### Work order:
Write out the listing below in full and exactly, leaving out every picture.

[[ Data, beginning ]]

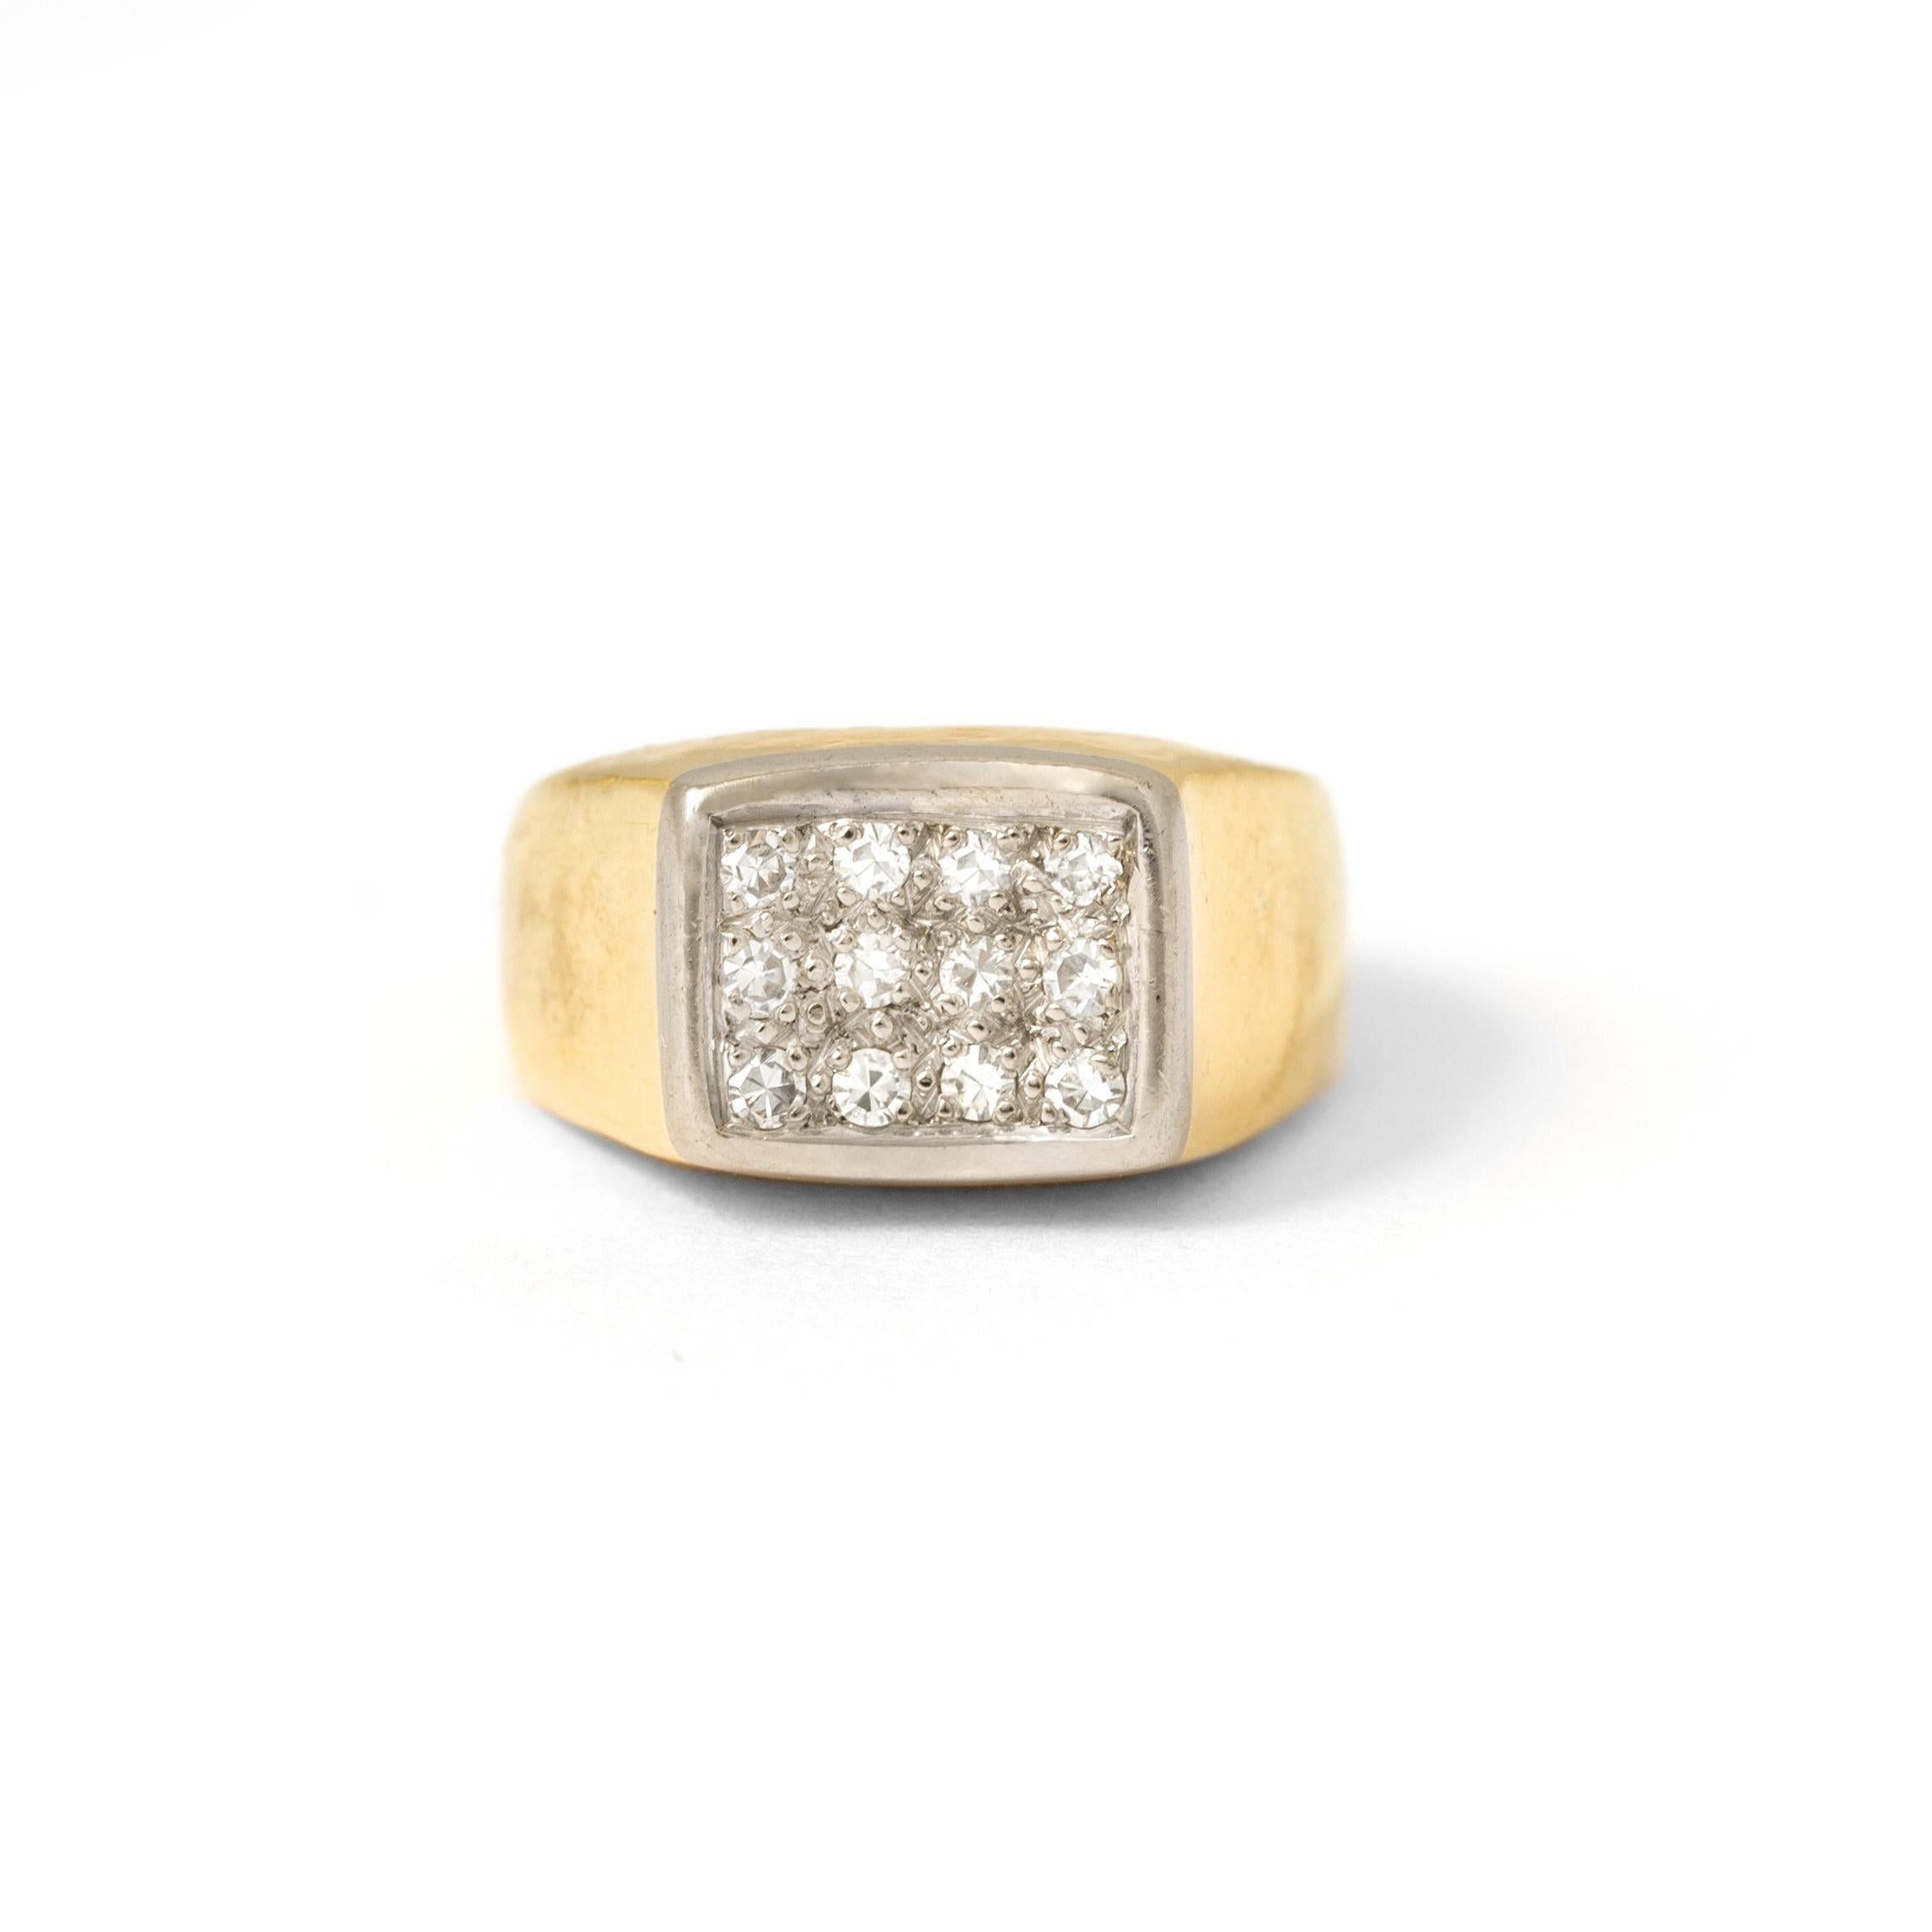 18 Karat Gelb- und Weißgold Ring mit Diamanten. 
Abmessungen des Hauptmusters: 8,37 x 10,03 mm. 
Größe: 43,5. 
Bruttogewicht: 5,36 Gramm.

[[ Data, end ]]

### Response to the exercise:
 18 Karat Gelb- und Weißgold Ring mit Diamanten. 
Abmessungen des Hauptmusters: 8,37 x 10,03 mm. 
Größe: 43,5. 
Bruttogewicht: 5,36 Gramm.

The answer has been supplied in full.